Short answer: The median monthly churn rate for B2B SaaS in 2026 is about 3.5%, but the benchmark that matters depends entirely on who you sell to. Healthy monthly logo churn runs under 0.5% for enterprise, 0.5–1.5% for mid-market, and 2–4% for SMB/prosumer products, with best-in-class companies holding revenue churn below 1% (MRRSaver, Optifai). By industry, Infrastructure SaaS churns lowest at ~1.8% while EdTech churns highest at ~9.6% (Prospeo). And on the retention side, the median B2B SaaS Net Revenue Retention (NRR) is 82%, with elite companies clearing 120–130%+. Here''s the full 2026 breakdown — plus why the number alone won''t save you.
What is a good SaaS churn rate in 2026?
There''s no universal "good" churn rate — it scales with deal size and contract length. Enterprise customers on annual contracts churn far less than self-serve SMB users on monthly plans. Use the segment benchmarks below to judge your own, not the blended average.
Monthly churn benchmarks by company segment
| Segment | Healthy monthly customer churn | Best-in-class |
|---|---|---|
| Enterprise | 1–2% | <0.5% |
| Mid-market | 1.5–3% | ~1% |
| SMB / prosumer | 3–5% | ~2% |
| B2B SaaS median (all) | ~3.5% | <1% |
Sources: MRRSaver, Optifai, ChurnFree.
The compounding matters more than the monthly figure looks. A steady 5% monthly churn compounds to roughly a 46% loss of customers over a year (Culta) — you''d have to replace nearly half your base just to stay flat. That''s why a single point of churn is worth so much more than a single point of new-logo growth.
Monthly vs. annual churn — don''t mix them up
Most benchmarks (including the ones above) are quoted as monthly rates, but the difference between monthly and annual framing is enormous once compounding is applied. A 3% monthly customer churn rate is not a 36% annual rate — it compounds to roughly 31% of customers lost over the year (each month''s churn applies to the shrinking base that remains). Conversely, a 2% monthly rate lands near 22% annually. Always confirm whether a number is monthly or annual before you compare, and standardize on one across your reporting. Enterprise teams on annual contracts usually track annual churn; self-serve and SMB products, with monthly billing and faster movement, are better watched monthly.
Churn benchmarks by industry
| Industry | Approx. monthly churn |
|---|---|
| Infrastructure / DevTools | ~1.8% (lowest) |
| Fintech / vertical SaaS | 2–3% |
| Martech / general B2B | 3–5% |
| Consumer / prosumer apps | 5–7% |
| EdTech | ~9.6% (highest) |
Source: Prospeo. EdTech and consumer apps churn hardest because they''re bought by individuals with low switching costs; infrastructure and developer tools stick because they''re embedded in production systems.

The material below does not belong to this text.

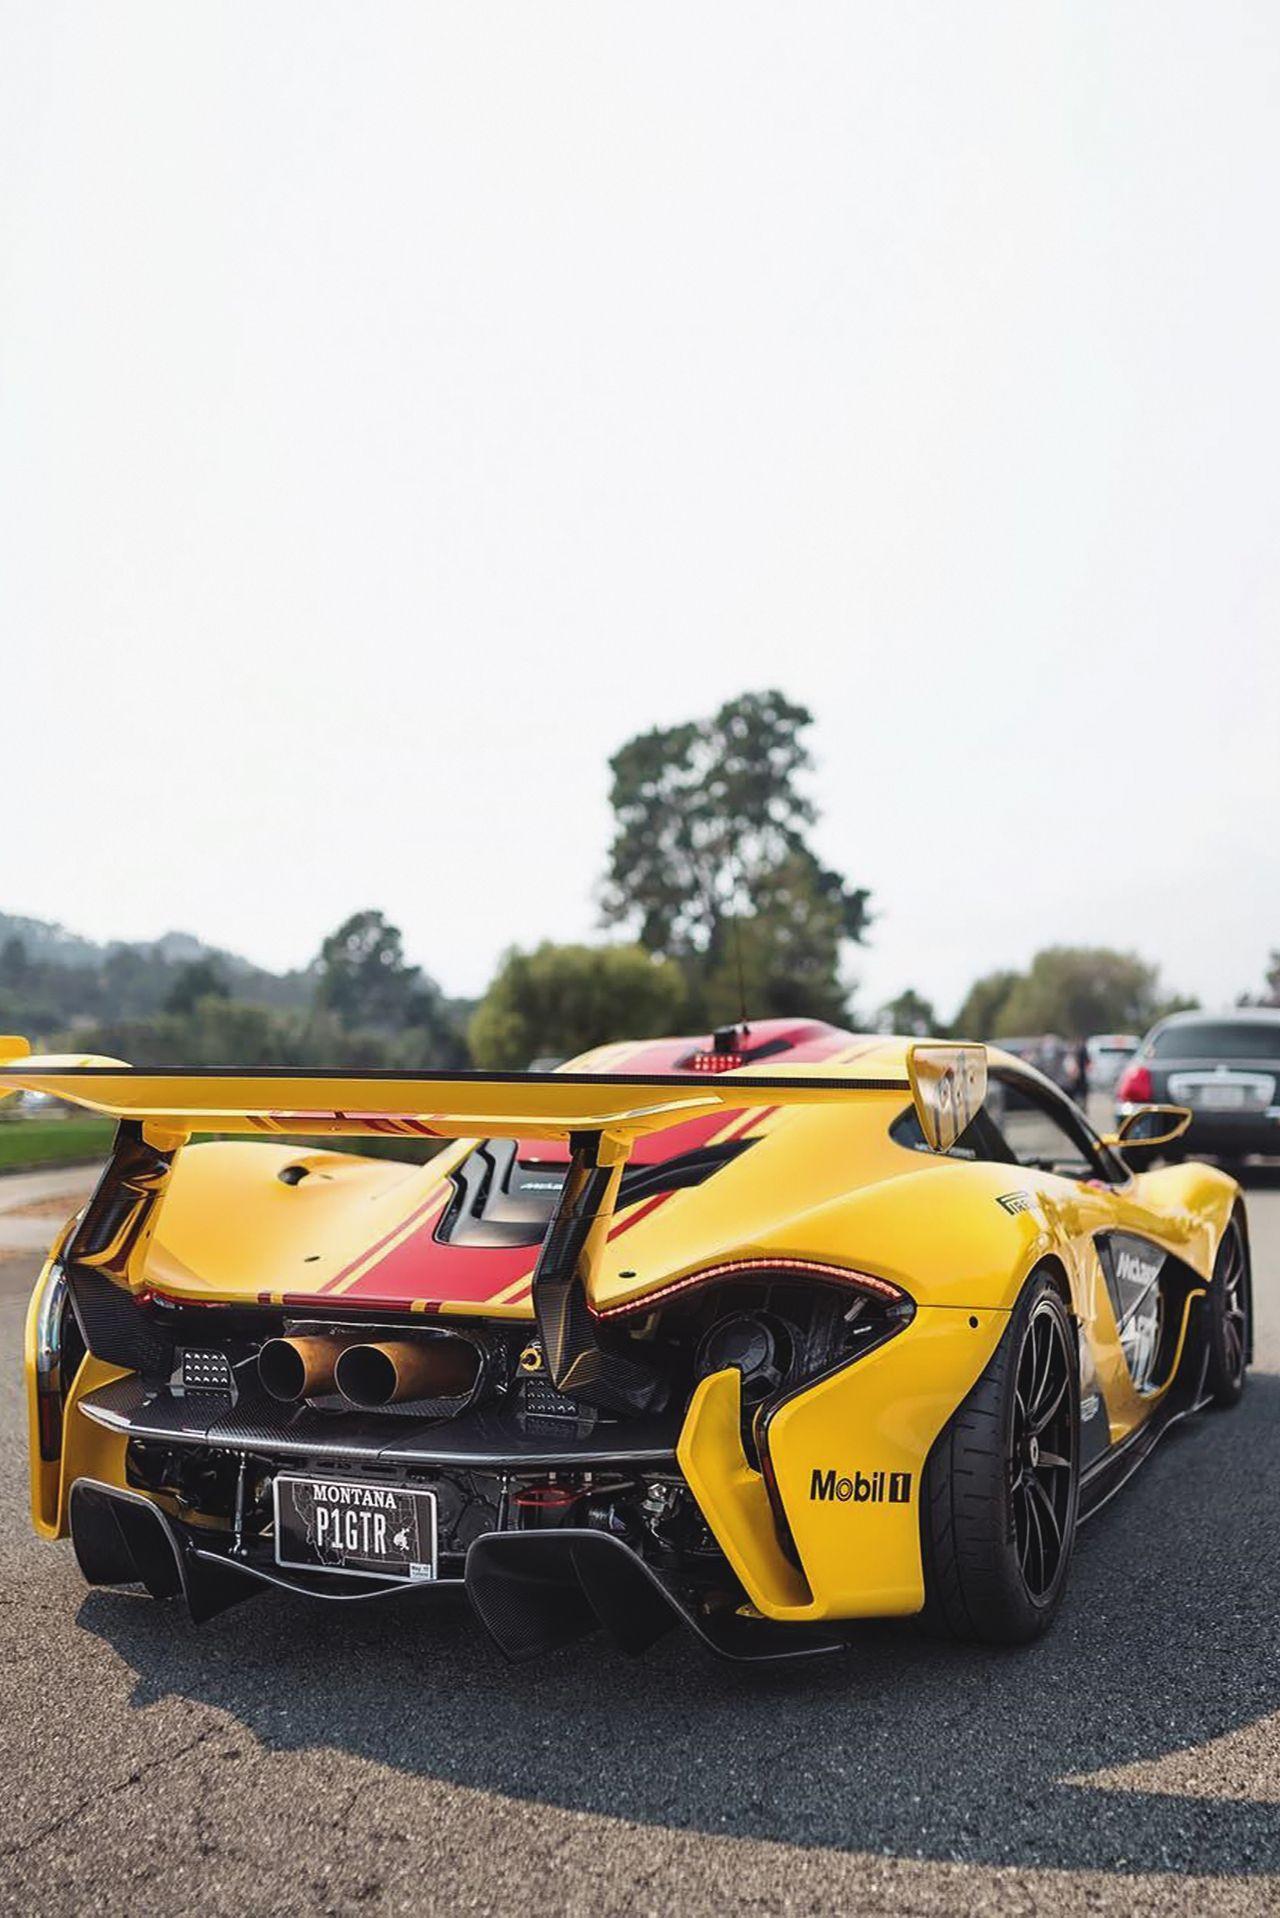 Super Car Crash Compilation Luxury Car Crashes And Accidents 1

Voluntary vs. involuntary churn
Not all churn is a product problem. In 2026, the median monthly churn of ~3.5% splits into roughly 2.6% voluntary (customers who actively decide to leave) and 0.8–0.9% involuntary churn caused by failed payments and expired cards (MRRSaver). Involuntary churn is often the fastest win available — dunning emails and card-updater flows can recover a quarter of it — but voluntary churn is where the real product and value story lives, and the only way to understand it is to ask.
Net revenue retention: the number investors actually watch
Churn tells you what you''re losing; Net Revenue Retention (NRR) tells you whether expansion is outrunning it. The 2026 picture:
- Median B2B SaaS NRR: 82% (Optifai)
- Good: 100–110% — expansion offsets churn
- Elite: 120–130%+ — the base grows even with zero new logos
- Companies with NRR above 130% trade at 15–20× forward revenue; those below 100% at just 3–5× (Livmo)
If you''re growing 100%+ year over year, target NRR of at least 110%. Below 100% NRR, you have a leaky bucket that more marketing spend can''t fill.
Why retention beats acquisition — by the numbers
The benchmarks explain why retention is the highest-ROI growth lever in SaaS:
- Acquiring a new customer costs 5–25× more than retaining an existing one (Invesp).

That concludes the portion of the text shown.